Mechanical properties and microstructure of ultrafine grained commercial purity aluminium prepared by cryo-hydrostatic extrusion

Abstract

CP 99.5% aluminium was processed by cryo-hydrostatic extrusion with true strains up to 3.4 in one pass. The aim was to refine its microstructure and improve its mechanical properties. The properties of the thus processed material were compared with those obtained after the same process but run at room temperature. Cooling the billet with liquid nitrogen combined with water cooling of the extruded wire enabled suppressing partially the dynamic and static structural processes. The grain size was reduced to ~400nm in the cryo-extrusion, and to ~450nm in the room-extrusion. In the cryo-extrusion the increase of the yield strength to 168MPa and the hardness to 56HV0.2 with the respective reduction of the elongation to fracture to 13.6% were obtained.

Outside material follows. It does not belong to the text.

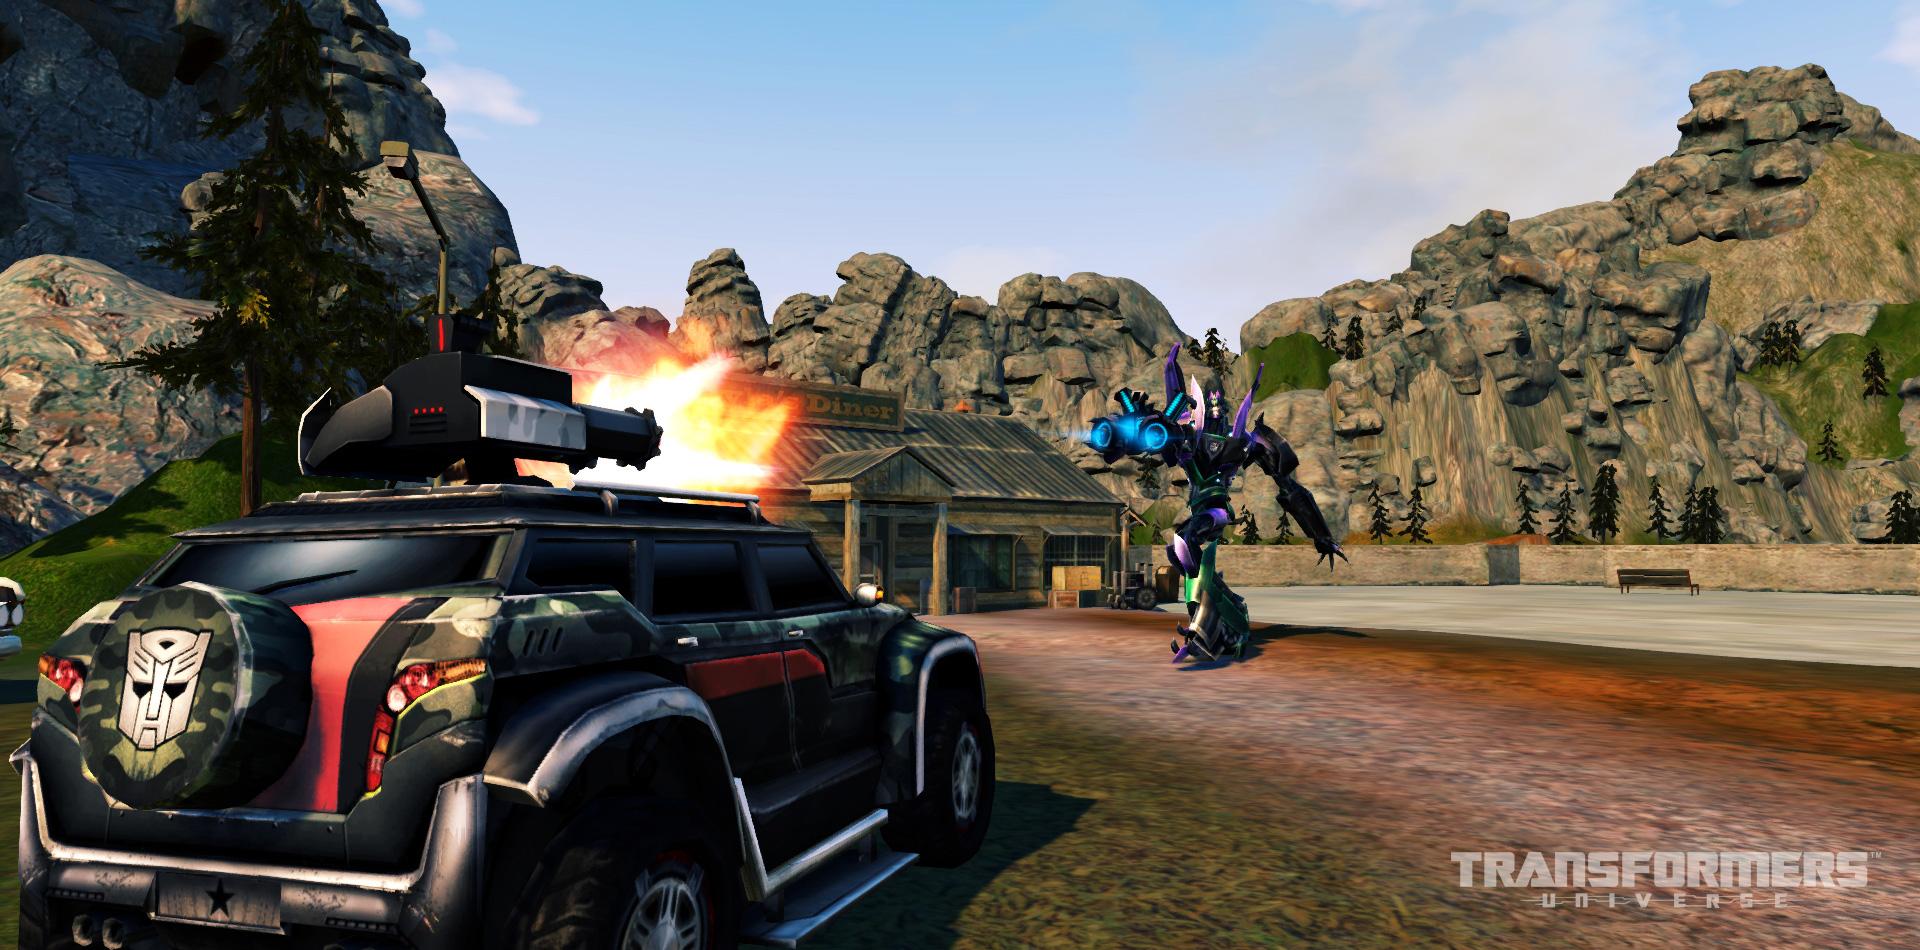 lh_transformers_universe_cb_deathmatch

The cryo-cooling effectiveness and the influence of the adiabatic heat generated during the plastic processing on the structure, mechanical properties, hardness, and tensile impact toughness just after hydrostatic extrusion, an also after the post deformation annealing are discussed. In view of the intensive adiabatic heating amounting to 0.57Tm no special improvement of the mechanical properties after the post-deformation annealing was observed. The cryo-cooling became effective at the true strain ε>2, where the extrusion pressures clearly differed from the room-extrusion pressures and the defect density substantially increased. After the cryo-hydrostatic extrusion the mechanical properties were comparable to the highest values reported in the literature for cryo-rolling but, since they were obtained in a single deformation step and with twice as large subgrains, the ductility of the extruded aluminium was higher. During the cryo-hydrostatic extrusion conducted at high strains the reduction in ductility of the aluminium is hindered and thanks to the beneficial role of the hydrostatic stress active in the material the structural and mechanical effects which occur during severe plastic deformation are enhanced.